List the platforms (& compilers) that you've tested on.

Compare (pros/cons) against other Unicode libs (like others have done elsewhere in this thread, i.e. https://news.ycombinator.com/item?id=42424637 and https://news.ycombinator.com/item?id=42424638)

reply
hgs3
5 days ago
[-]
Thanks for the suggestions. I think a comparison table would be useful, but I want to make sure I do it right since I'd be comparing my work to someone else's.

As for the compilers, I’ve tested the library with GCC, Clang, and MSVC, and with the -pedantic flag like the GP mentioned. The library should build with any standard-compliant C99 compiler.

reply
rurban
5 days ago
[-]
This is commercial only. Free and small is my safeclib, which does about half of it. ICU is not usable on small devices, and also pretty slow. It's much faster to use precomputed tables per algorithm, such as here or in safeclib. libunistring is also extremely slow. This was tried for grep and failed.
reply
hgs3
5 days ago
[-]
> This is commercial only.

You can use Unicorn for non-commercial use [1], but yes, for commercial use you need to buy a license.

> It's much faster to use precomputed tables per algorithm

You're absolutely right about using precomputed tables per algorithm. That is the secret to the library's speed.

> Free and small is my safeclib, which does about half of it.

I like safeclib! It's nice to hear from the author.
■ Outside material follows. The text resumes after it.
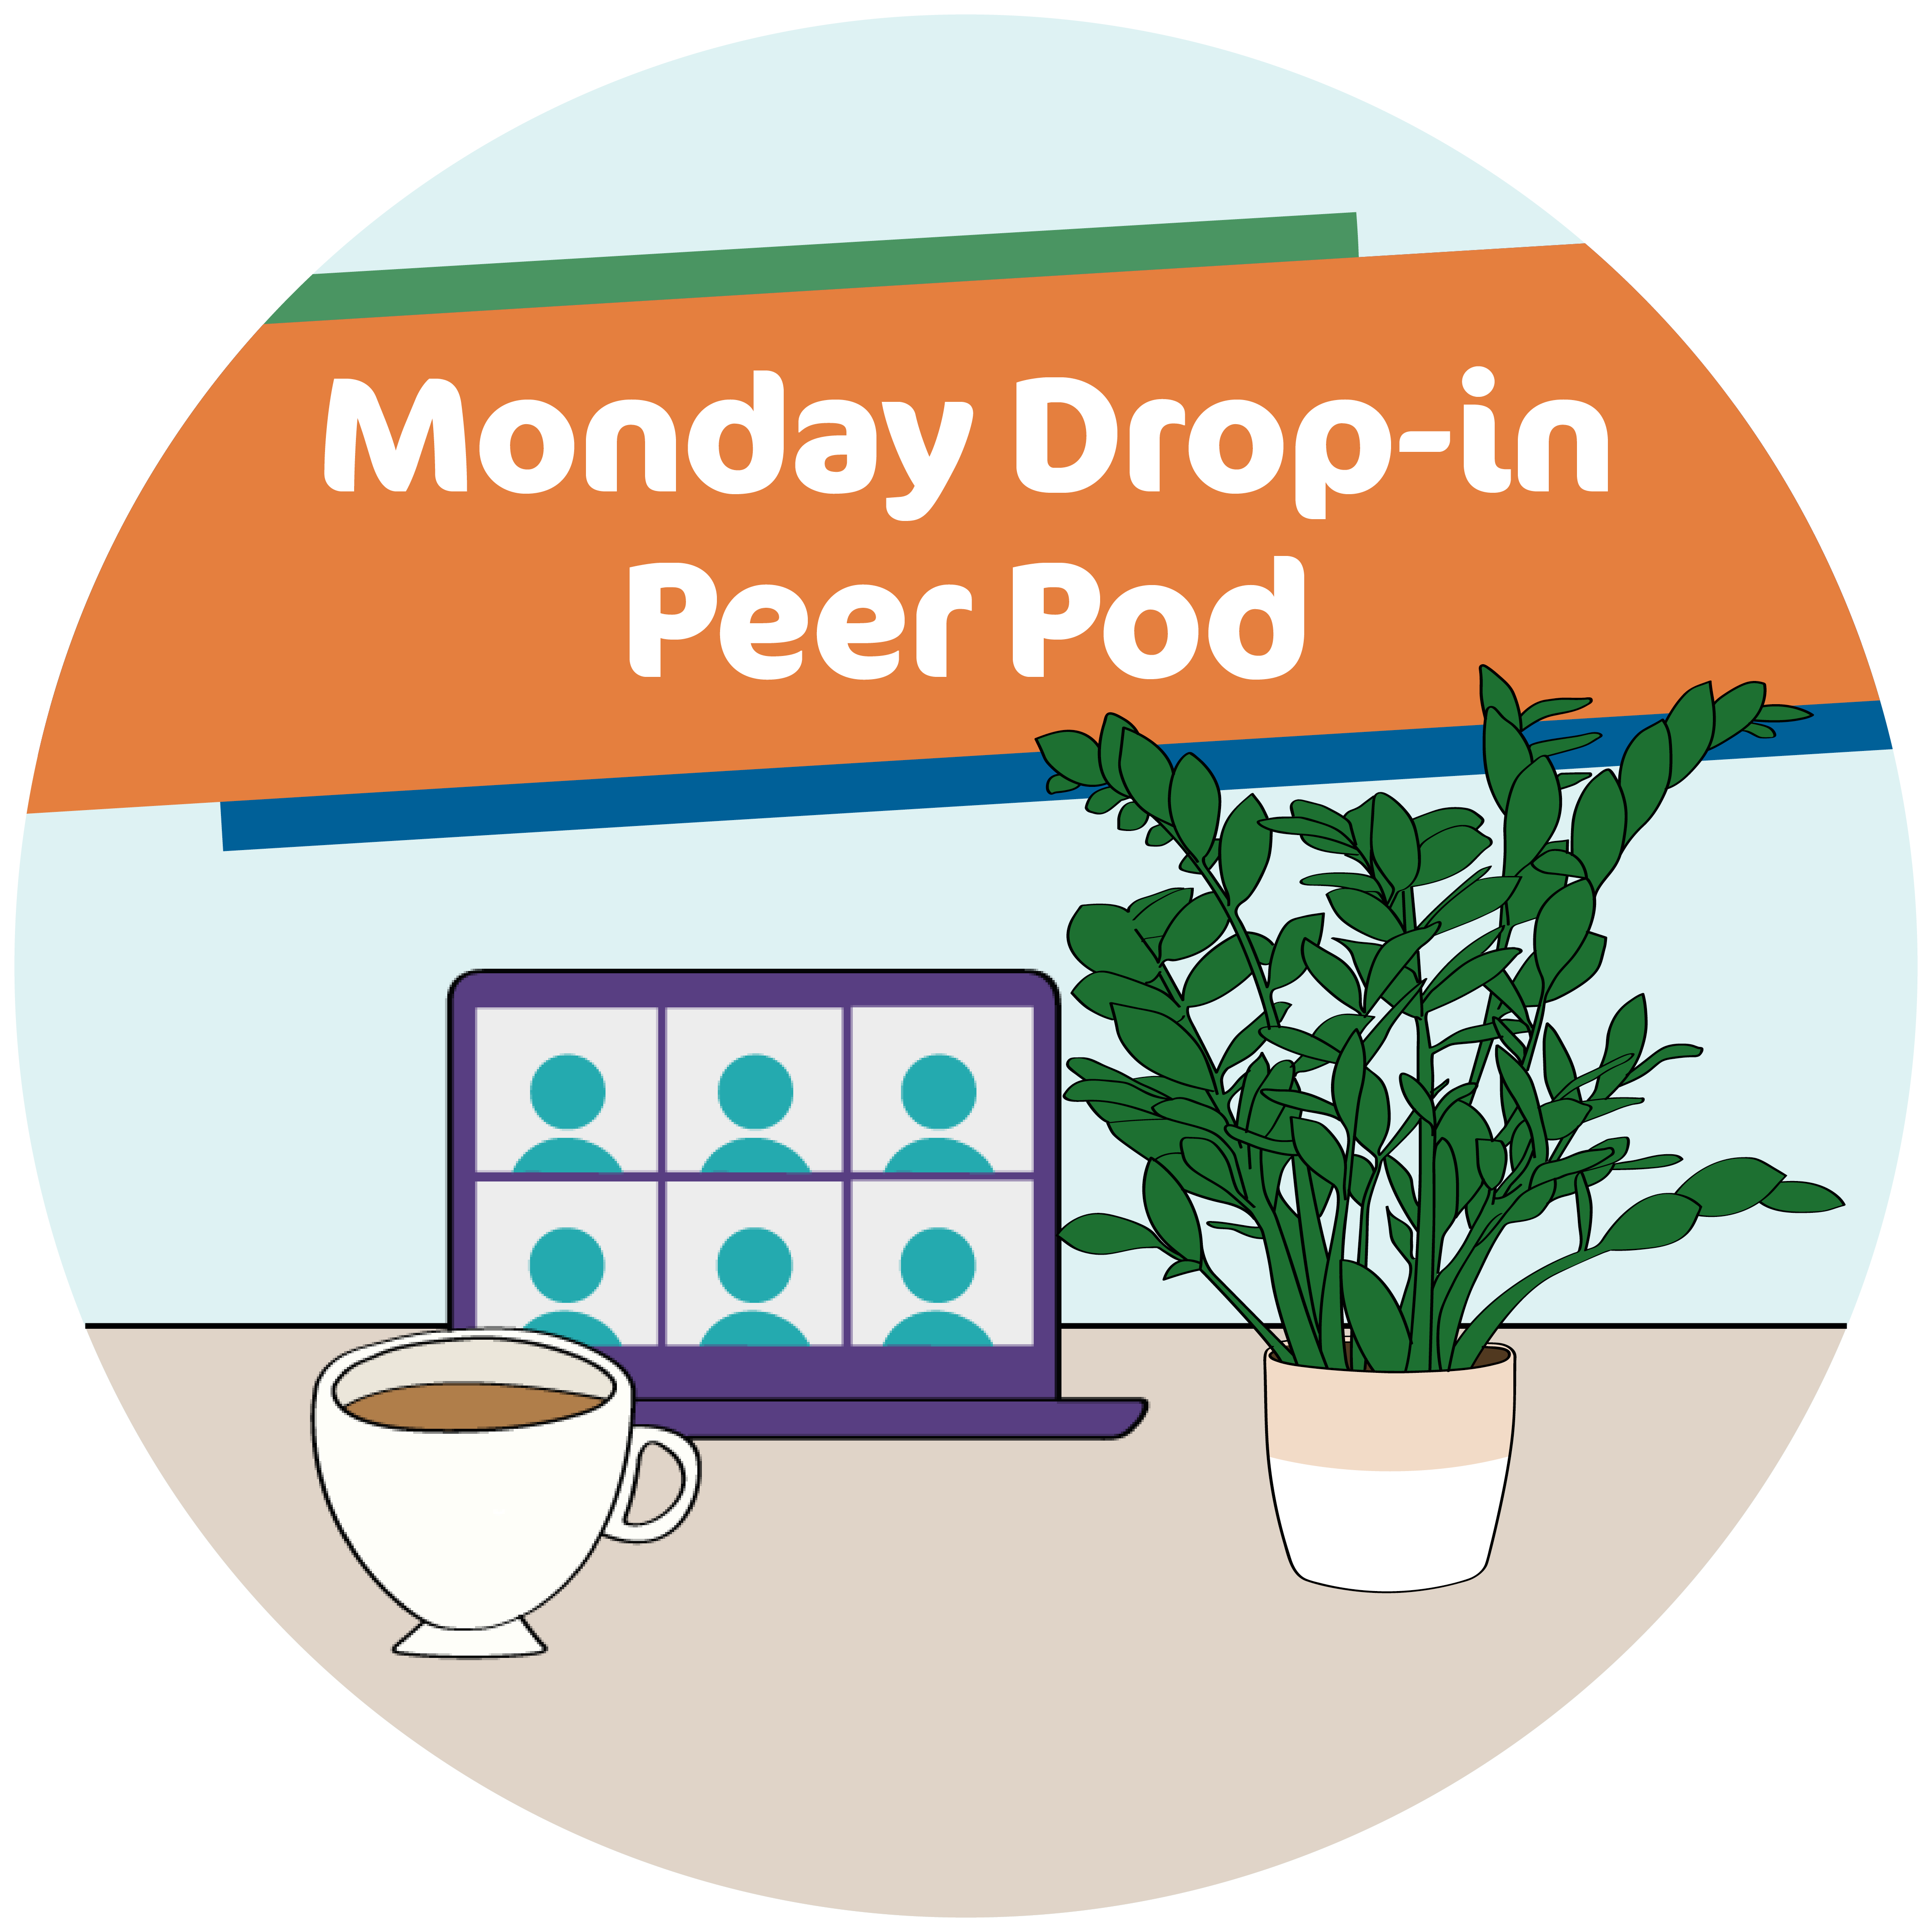 Monday Drop-in Peer pod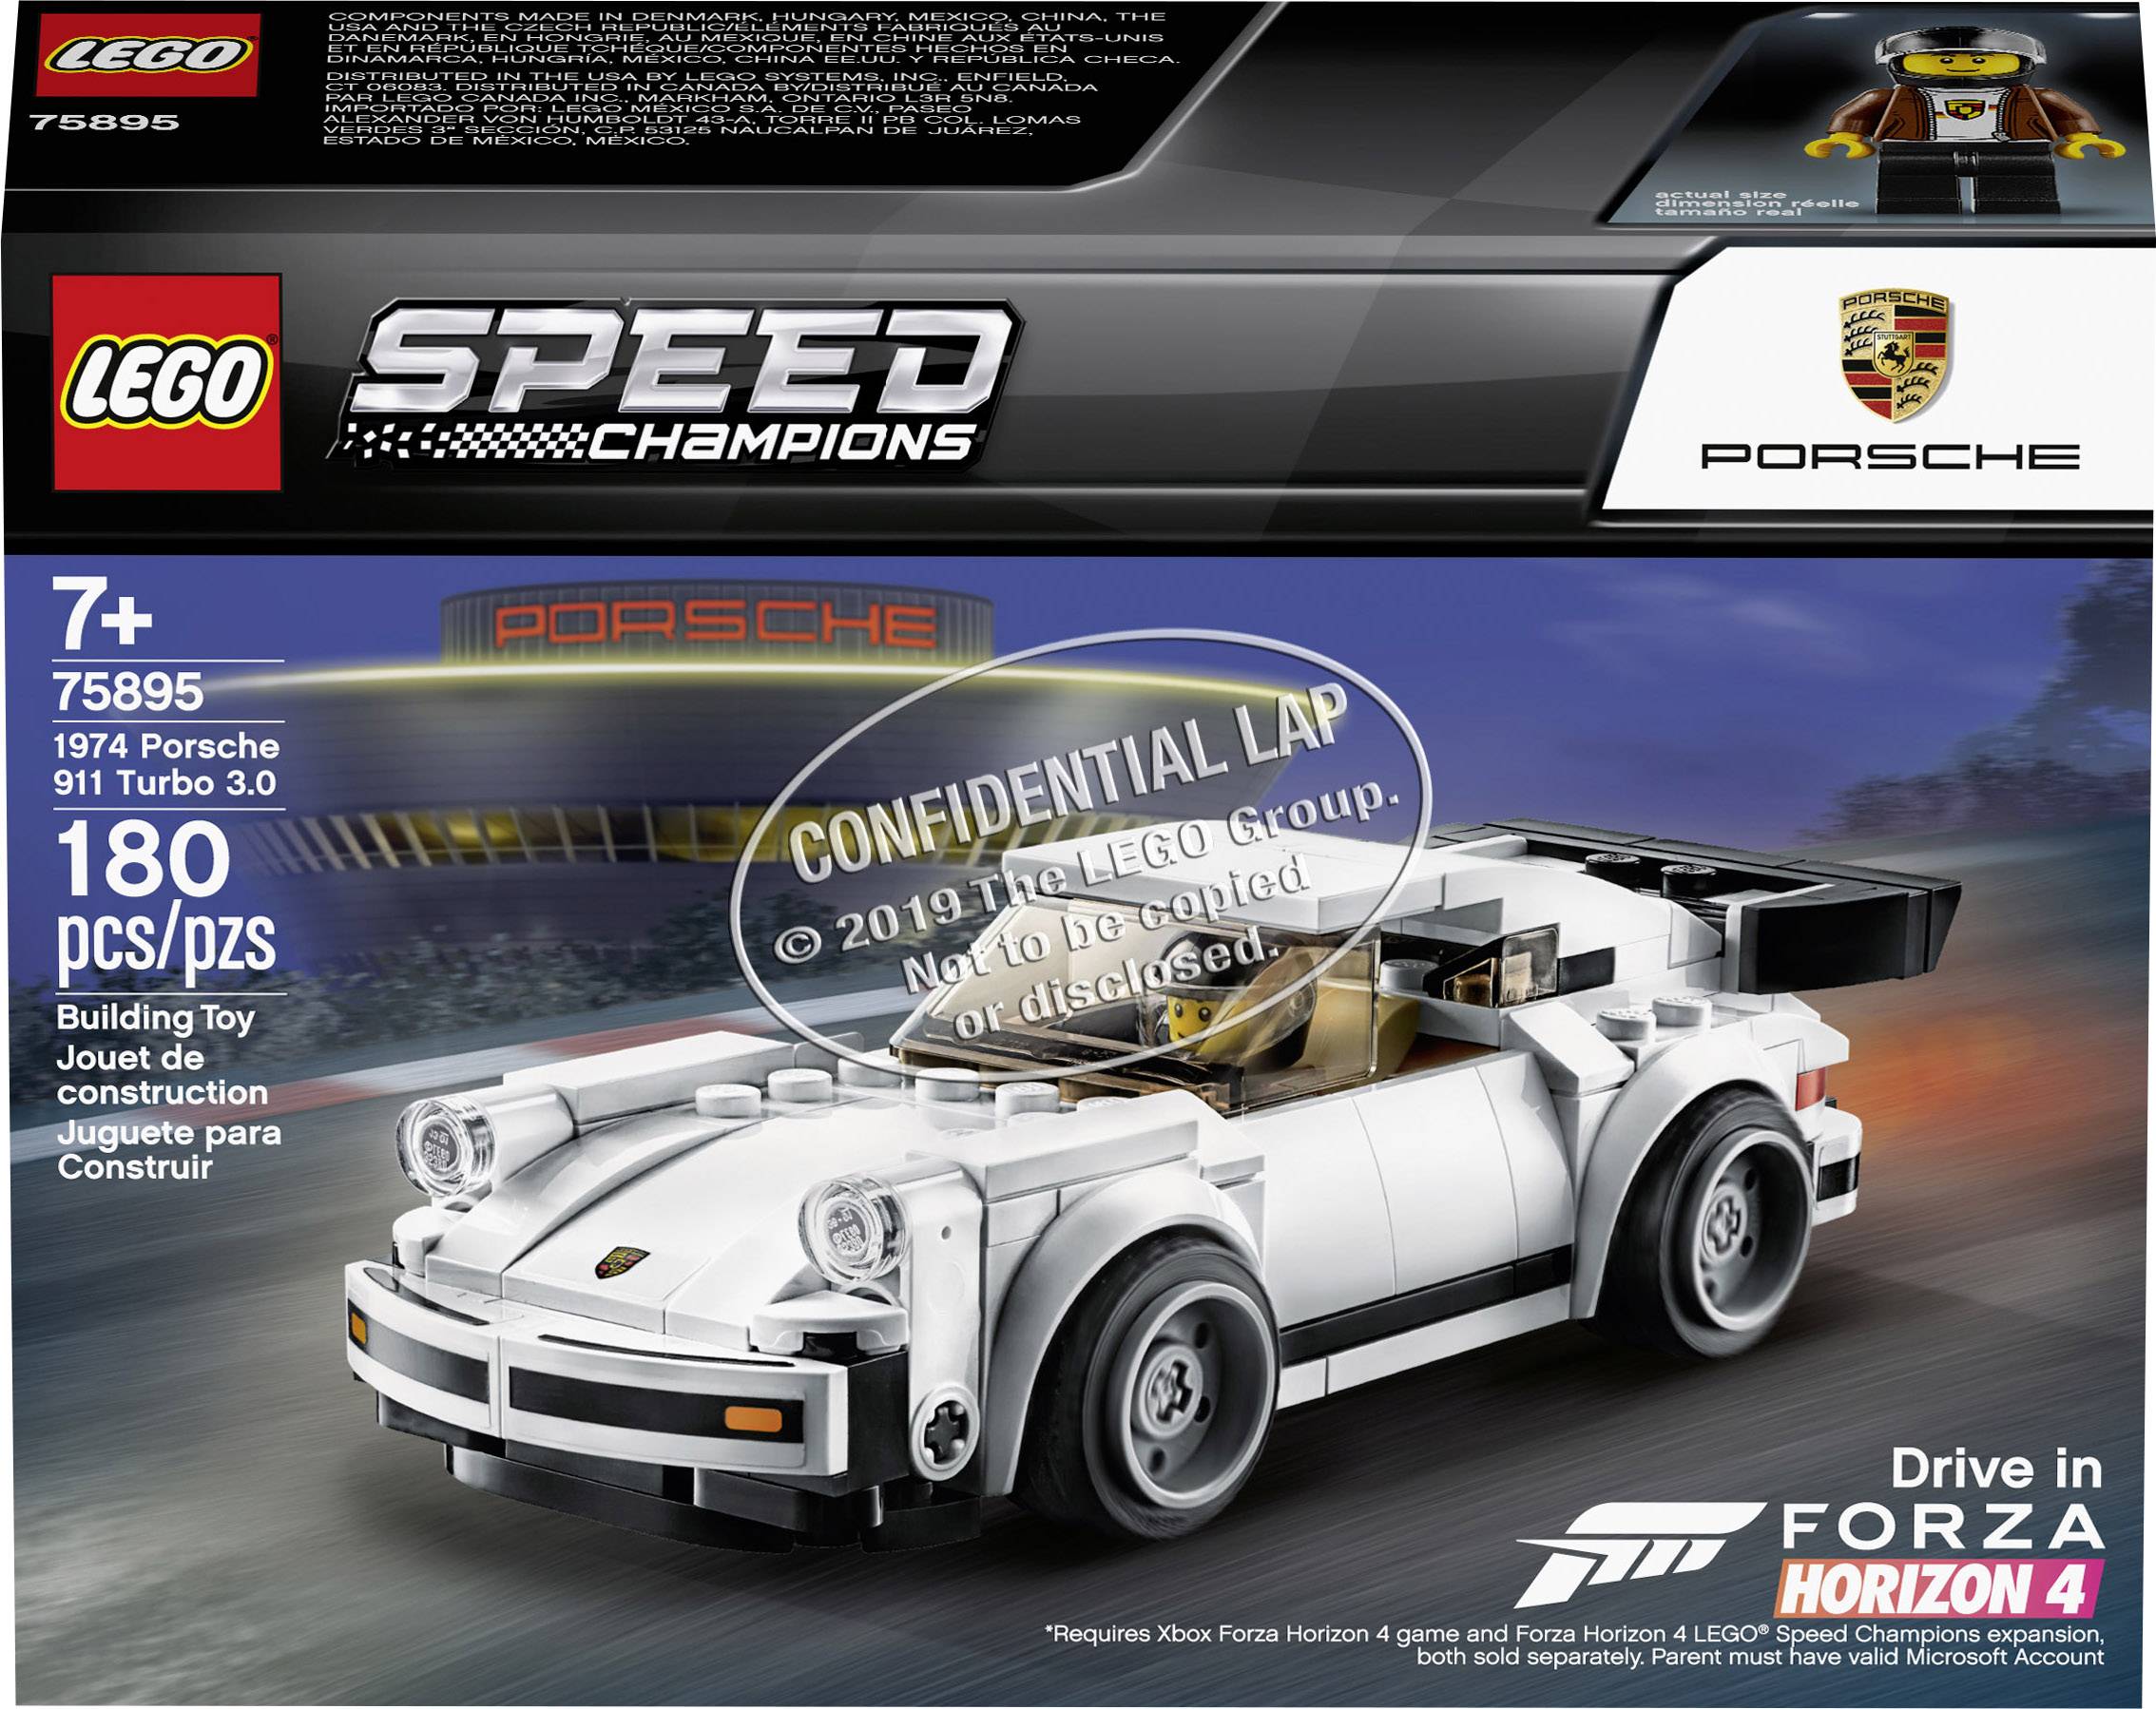 75895 for sale online LEGO 1974 Porsche 911 Turbo 3.0 Speed Champions

It's worth distinguishing that safeclib is a safer string library whereas Unicorn is a Unicode algorithms library, not a string library.

[1] https://github.com/railgunlabs/unicorn/blob/master/LICENSE

reply
rurban
5 days ago
[-]
Well, a string is unicode nowadays. And for sure not just a zero-terminated blob. That would be a buffer. Only the Linux kernel still holds this invalid view.

So every string library needs at least a compare function to find strings, with all the variants of same graphemes. Which leads us to NFC normalization for a start. Upcase tables and wordlength tables are also needed.

reply
fao_
5 days ago
[-]
> This is commercial only. Free and small is my safeclib

Is it me or does this feel a bit weird? It seems like you're using the comments section here to self-advertise for exposure.

I read it like — "businesses can't use this without paying the OP, however, if you're a business you can get 50% of the way there by using _my_ library, and you don't even have to pay me!". It comes off incredibly rude to try to undercut the OP like this.

reply
ykonstant
5 days ago
[-]
Self promotion in comments is perfectly fine on HN, as long as the comment is on topic and informative---both of which are true here.
reply
josephcsible
5 days ago
[-]
In general I'd agree with that, but IMO the benefit of having a FOSS alternative to a proprietary product overrides it in this case.
reply
fao_
5 days ago
[-]
See this is where I and the FSF/OSI diverge, because

> the right to use, copy, modify, merge, publish and distribute the Software [as long as you're not selling it or derivatives of the Software]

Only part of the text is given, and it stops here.